Write out every entry exactly as it appears, omitting the pictures.

=== Begin Enclosure ===

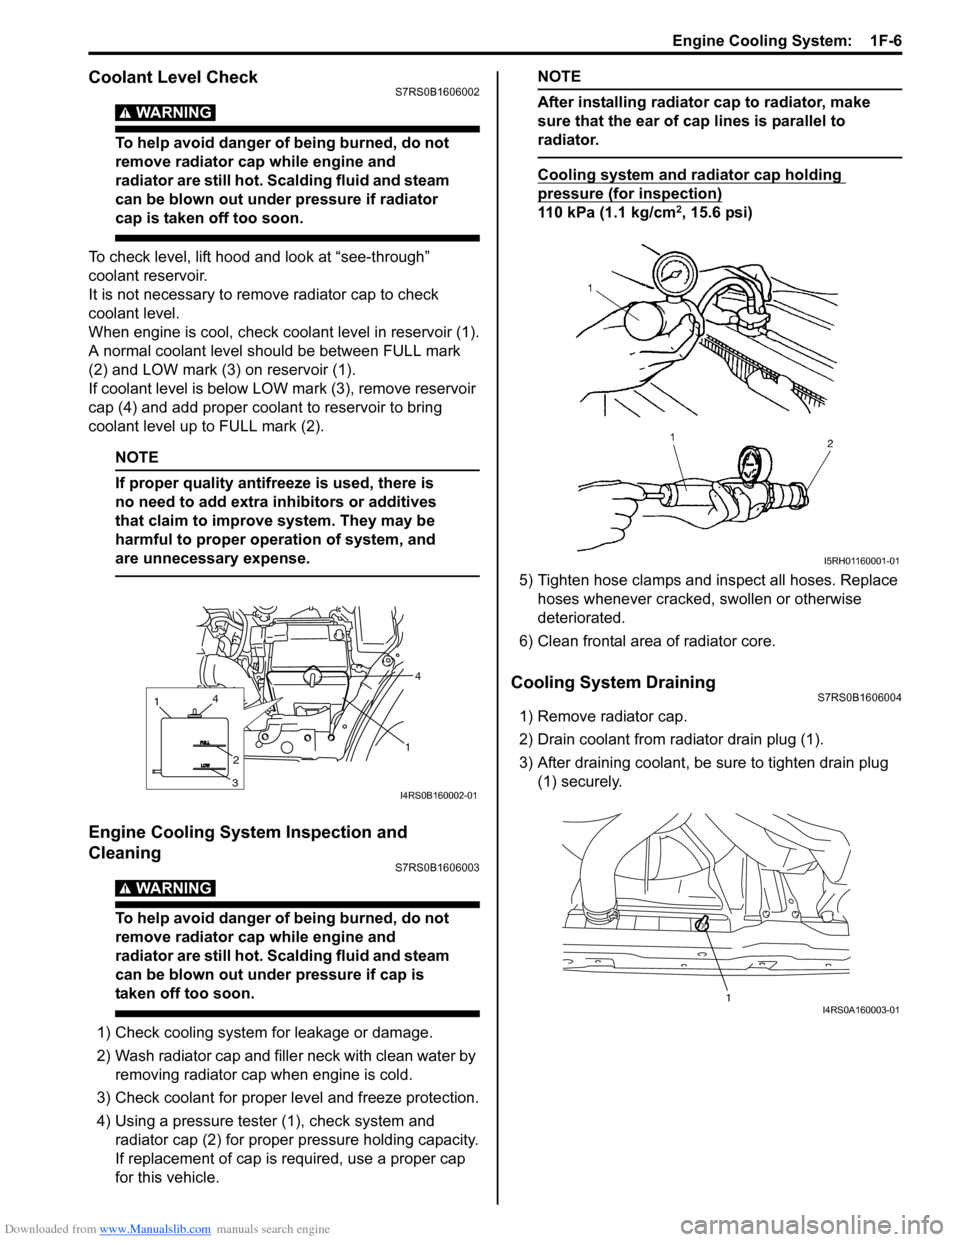 SUZUKI SWIFT 2008 2.G Service Workshop Manual Downloaded from www.Manualslib.com manuals search engine Engine Cooling System:  1F-6
Coolant Level CheckS7RS0B1606002
WARNING! 
To help avoid danger of being burned, do not 
remove radiator cap while
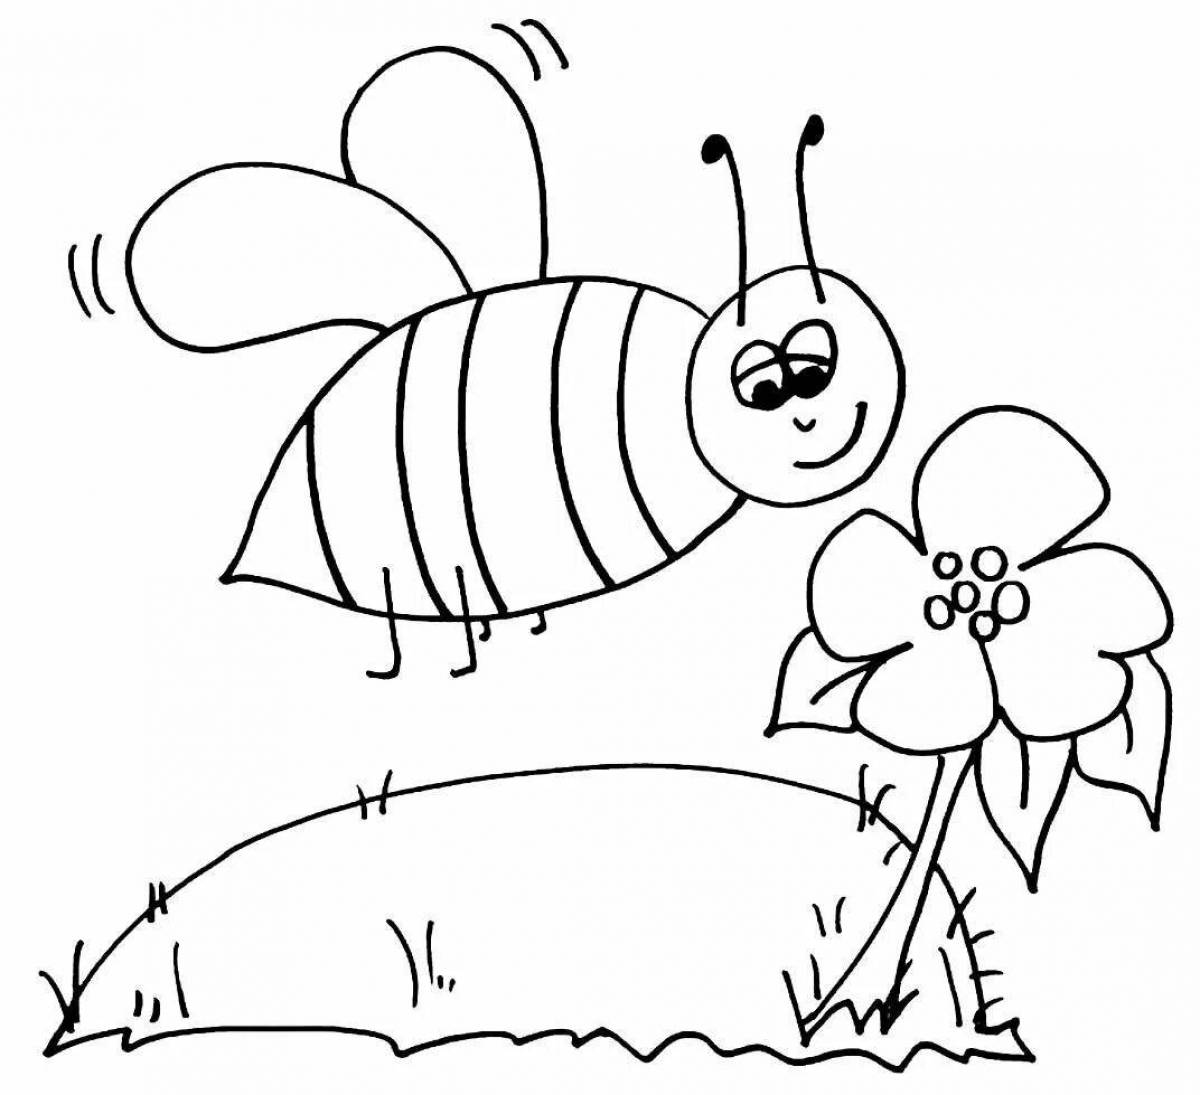 Funny bee coloring book for children 6-7 years old

=== End Enclosure ===

* _Answer area_:
 SUZUKI SWIFT 2008 2.G Service Workshop Manual Downloaded from www.Manualslib.com manuals search engine Engine Cooling System:  1F-6
Coolant Level CheckS7RS0B1606002
WARNING! 
To help avoid danger of being burned, do not 
remove radiator cap while
 Funny bee coloring book for children 6-7 years old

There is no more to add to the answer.